Trois ans avant que Debussy entendît le prélude du Vaisseau fantôme, le Sarrois Gouvy écrivait sa grande Sonate en ré mineur Op.66. (1876). Avec elle, le programme de ce soir rejoint celui donné par les mêmes artistes au Conservatorio Benedetto Marcello de Venise, le 21 avril dernier, dans le cadre du passionnant festival Théodore Gouvy, entre France et Allemagne, conçu par le Centre de musique romantique française, auquel ces pages ont fait écho il y a peu [lire nos chronique du 17 mai et du 19 mai 2013]. Indiqué à 104 à la croche, un Largo maestoso en introduit l’écoute dans un grand élan qui regarde du côté de la pompe française baroque, mais où l’on rencontre aussi la coiffure et le menton d’Anton Rubinstein, mâtiné d’un recueillement lisztien un rien pontifiant. La sicilienne du Tranquillo rappelle Mendelssohn, tandis qu’après une brève réminiscence des premières mesures la grande patinoire des vingt doigts conjugue mélodie rapide et redondante, apparentée au fameux thème Quarantième de Mozart (Symphonie en sol mineur K.550). Un lyrisme un rien salonard habite le mouvement que conclut un ultime retour à l’Ouverture, un rien fruste, cette fois, achevé dans une désertion saisissante, à peine soulignée par une appogiature en triples croches à la manière de la marche funèbre de la Troisième de Beethoven (Symphonie en mi bémol majeur Op.55) ou de la Sonate en si de Liszt.
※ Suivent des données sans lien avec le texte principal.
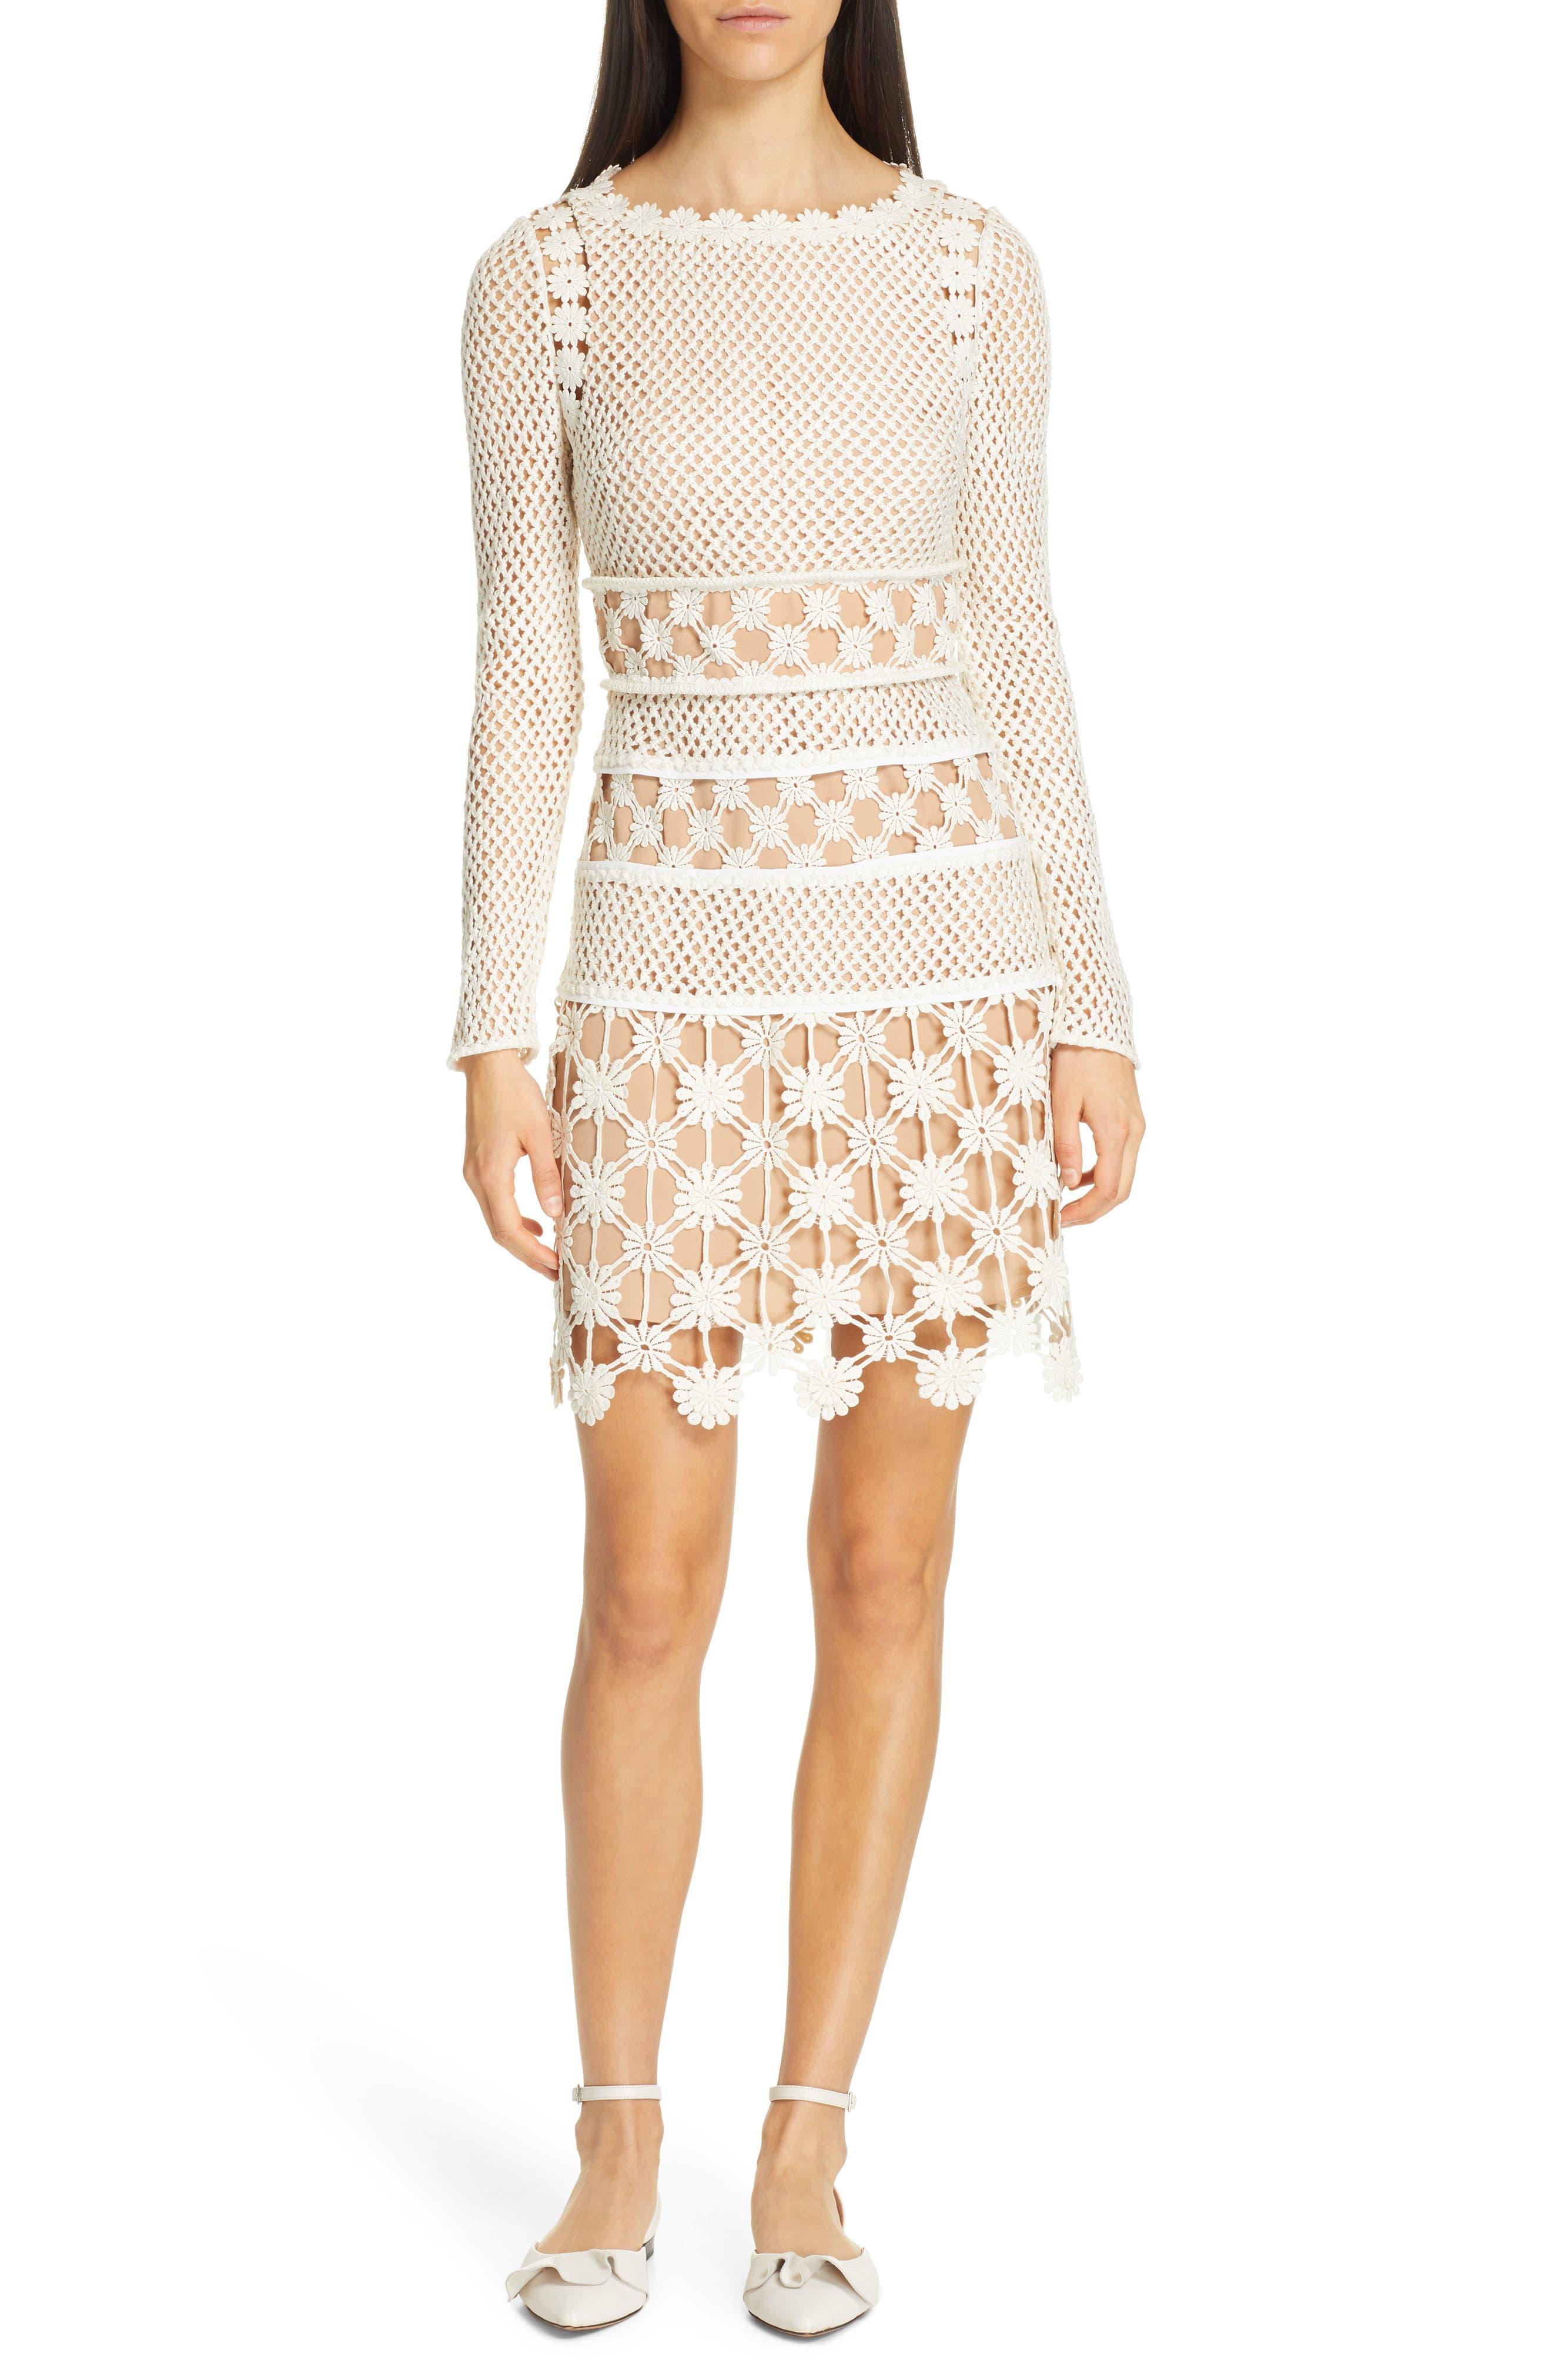 Self-Portrait Long Sleeve 3D Floral Crochet Lace Minidress, Ivory

L’Adagio cantabile recourt à une lumière sombre, à peine coloré d’une inflexion de Lied, dans une respiration généreuse. Il s’agit nettement d’une romance sans parole (Mendelssohn, encore) qui toutefois distille un spleen plus « français » qu’il n’y paraît de prime abord, annonçant même certains effets du symbolisme naissant (« toujours très sourd et mystérieux », comme dit la partition). Enfin, l’œuvre s’achève dans une infernale virevolte (Allegro vivo) dont la facture relativement académique quoique brillante (d’une « lourde légèreté », s’il faut oser) renoue avec le thème redondant du premier épisode. Les redoutables scherzandos radicalisent les effets jusqu’au final più animato d’un goût moins certain, vertigineux et tonitruant.

Retour à 1830, après l’entracte, avec la Symphonie fantastique de Berlioz (précisément Épisode de la vie d’un artiste, symphonie fantastique en cinq parties Op.14) qui en son temps salua la musique de Gouvy. Nous n’entendrons pas la célèbre transcription pour piano de Liszt, mais celle pour deux pianos que signa Jean-François Heisser lui-même. Le chant dépouillé de Rêveries bénéficie du phrasé subtil de Marie-Josèphe Jude, ciselé par les ponctuations farouches d’Heisser. Débarrassée de la virtuosité intrinsèque à la réduction d’un vaste orchestre en deux mains, cette adaptation (et Passions illustre parfaitement ce propos) s’ingénie à faire sonner la symphonie plutôt qu’à écheveler le musicien. Un bal est rondement introduit, l’exécution se penchant ensuite sur le « vrai » sujet dans un rubato un peu excessif. La ténuité des phrasés se joue de l’inévitable côté squelettique de l’exercice, dans la Scène aux champs.

La distance prise d’une table l’autre dans la respiration réinvente étrangement la distorsion des timbres ; sans doute l’auditeur est-il par-devers lui possédé par la manie des reconstitutions instrumentales – à démêler ce qu’il perçoit, ce qu’il veut percevoir, ce qu’il croit avoir perçu, ce qu’il en rêve tout debout, on ne parviendrait pas. Le « dramatisme » de la Marche au supplice s’accommode avantageusement du caractère lapidaire du son et du jeu, soulignant d’autant son effroi dans un savoureux relief. Pour finir, Songe d'une nuit du Sabbat se révèle polychrome, avec son bluffant effet de cloches – « si l’on ne peut trouver deux cloches assez graves […], il vaut mieux employer plusieurs pianos à l’avant-scène. Ils exécuteront alors la partie de cloches en double octave, comme elle est écrite », dit la partition de Berlioz. Aux pianos, les rythmes se conjuguent « goulument » et la fugue gagne un élan fou, par-delà une dynamique plutôt restreinte.